Your instructions:
In this exercise, the entries below include pictures. Repeat exactly the lines from the line with "Żarówki LED, 3" to the line with "- ilość ...", including both, but without the pictures.

Material supplied:
'''

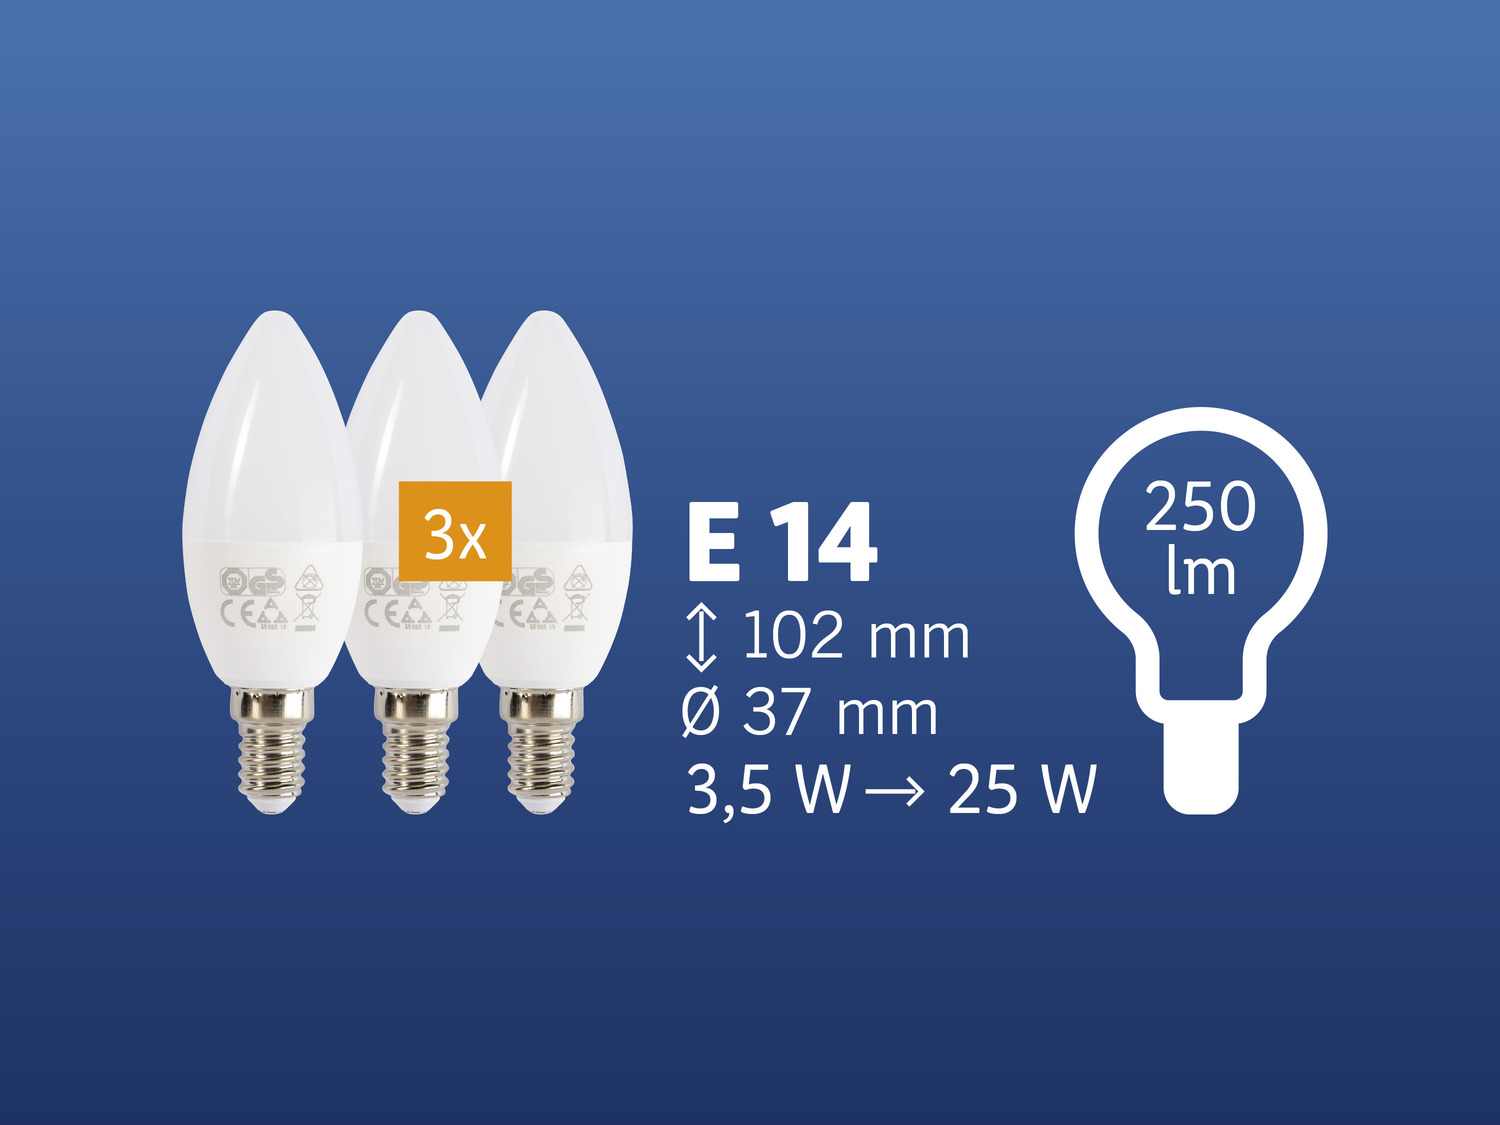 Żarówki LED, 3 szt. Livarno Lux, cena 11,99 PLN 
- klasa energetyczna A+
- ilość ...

'''
'''

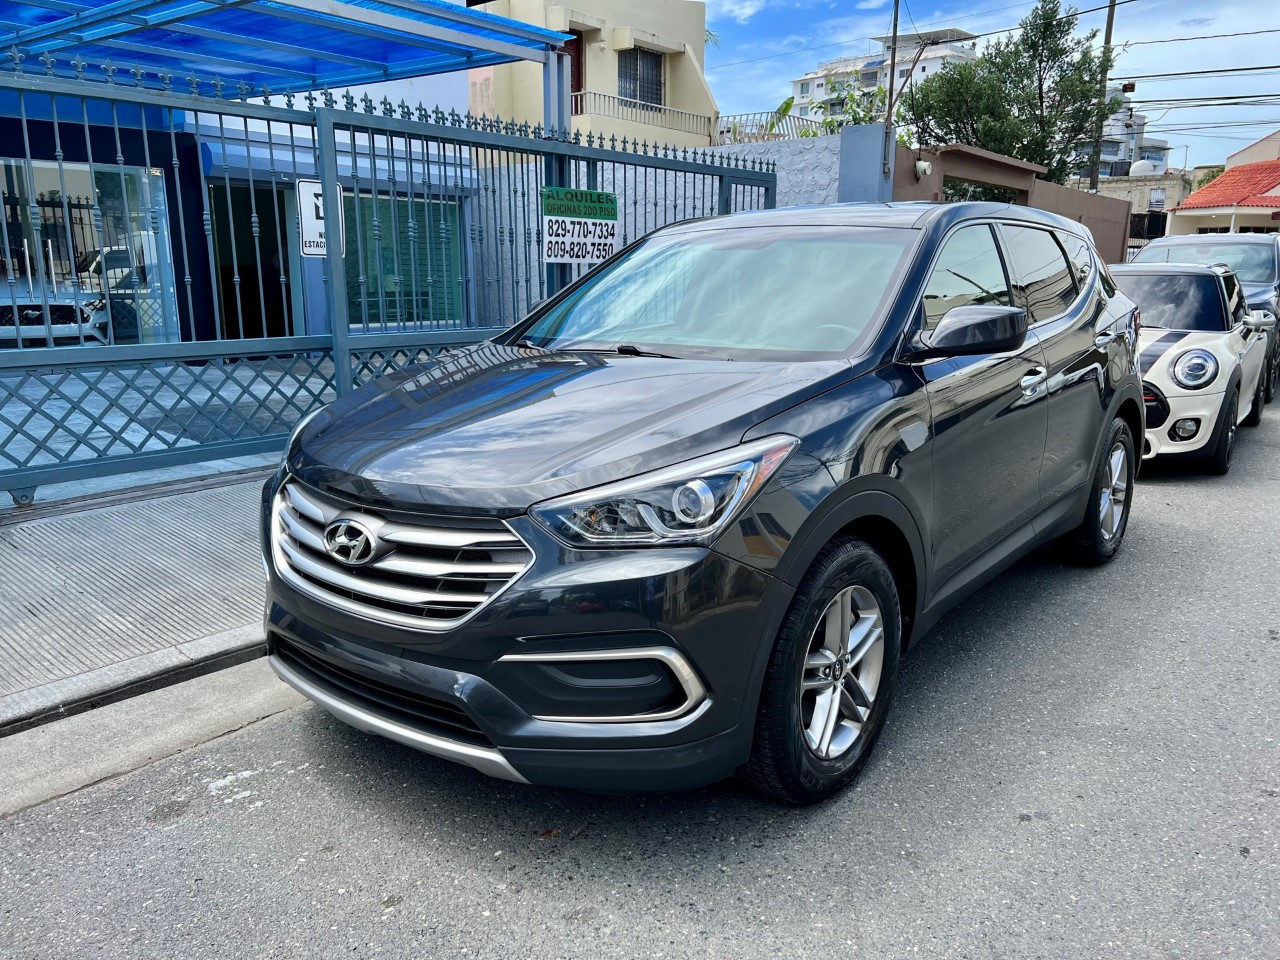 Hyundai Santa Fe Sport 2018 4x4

'''

Written answer:
 Żarówki LED, 3 szt. Livarno Lux, cena 11,99 PLN 
- klasa energetyczna A+
- ilość ...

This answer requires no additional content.